De livres, donc. Et encore moins de romans.
Pour le libraire que je suis (depuis 28 ans) c’est un sérieux handicap.
Jusqu’au mois dernier, je n’avais plus lu de roman depuis quatre ou cinq ans. Et j’ai fait des tentatives multiples, au moins 4 ou 5 par année.
Parfois, j’ai abandonné au bout d’une dizaine de pages, mais le plus souvent dès les toutes premières.
Le phénomène le plus récurrent est que j’entame les premières pages, et au bout de quelques-unes, je m’aperçois que je n’assimile plus le sens de ce que je lis. Ou alors je l’assimile sur le moment, mais je ne me souviens pas des pages précédentes. D'autres fois, je ne parviens pas à visualiser, ou à donner corps à la réalité décrite par l’auteur.
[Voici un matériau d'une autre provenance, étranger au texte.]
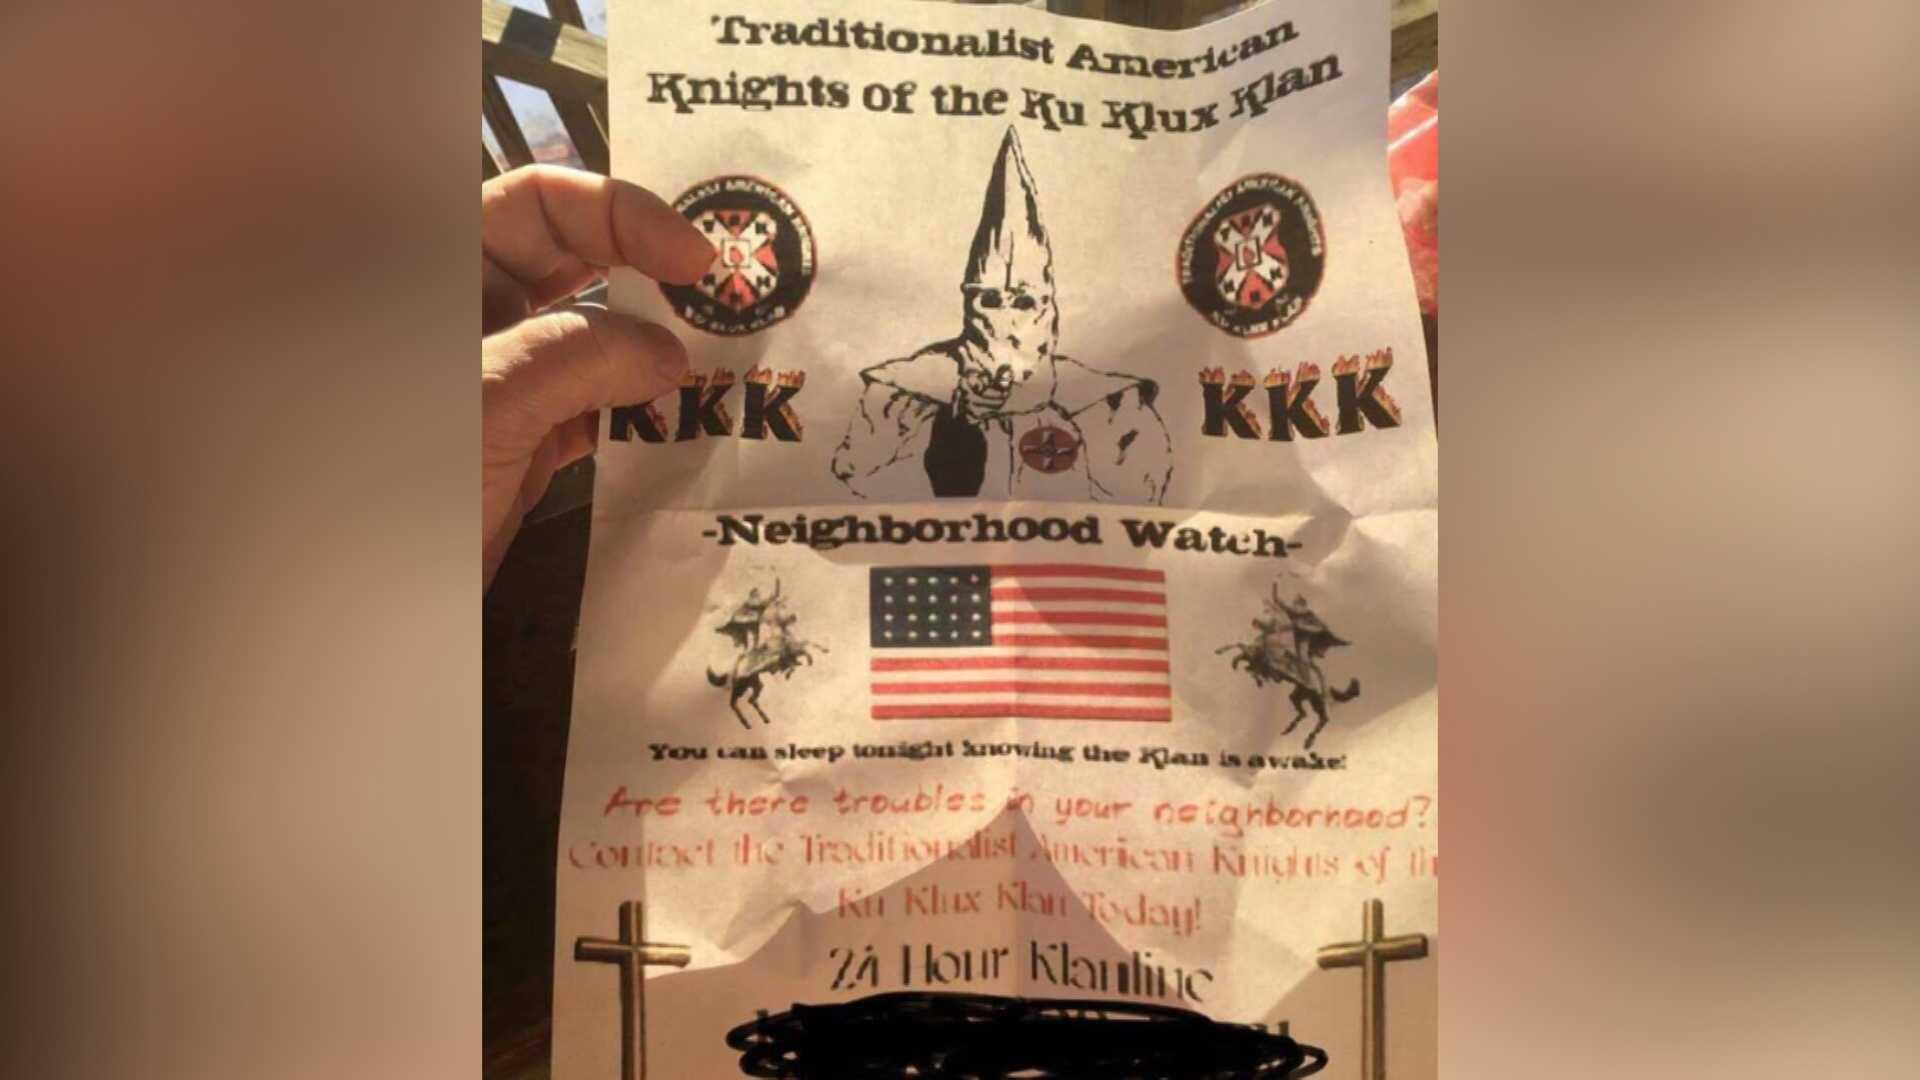 KKK fliers prompt concern for refugees, rebuke from governor

Dans le dernier roman que j’ai lu, jusqu'au bout cette fois-ci, je me suis rendu compte que je n’arrivais souvent pas à différencier les principaux personnages. Leur nom avait beau être répété par l’auteur, rien n’y faisait : j’essayais de les individualiser, l’un marié et indigène au cadre du roman, l’autre célibataire et étranger, mais ça persistait à demeurer flou dans mon esprit.
Si bien que je me suis plusieurs fois résolu à considérer ces deux personnages comme un seul.
Il y a quelque mois, j’avais découvert un article mettant en garde contre les méfaits d’internet : d’après son auteur, internet était en train de créer une génération de « surfeurs » navigant à la surface des sujets, sans réflexion, mais aussi des lecteurs incapables de se concentrer sur un sujet plus de quelques minutes.
Hé bien, devinez quoi ? Je n’ai pas réussi à lire l’article… au-delà du premier paragraphe !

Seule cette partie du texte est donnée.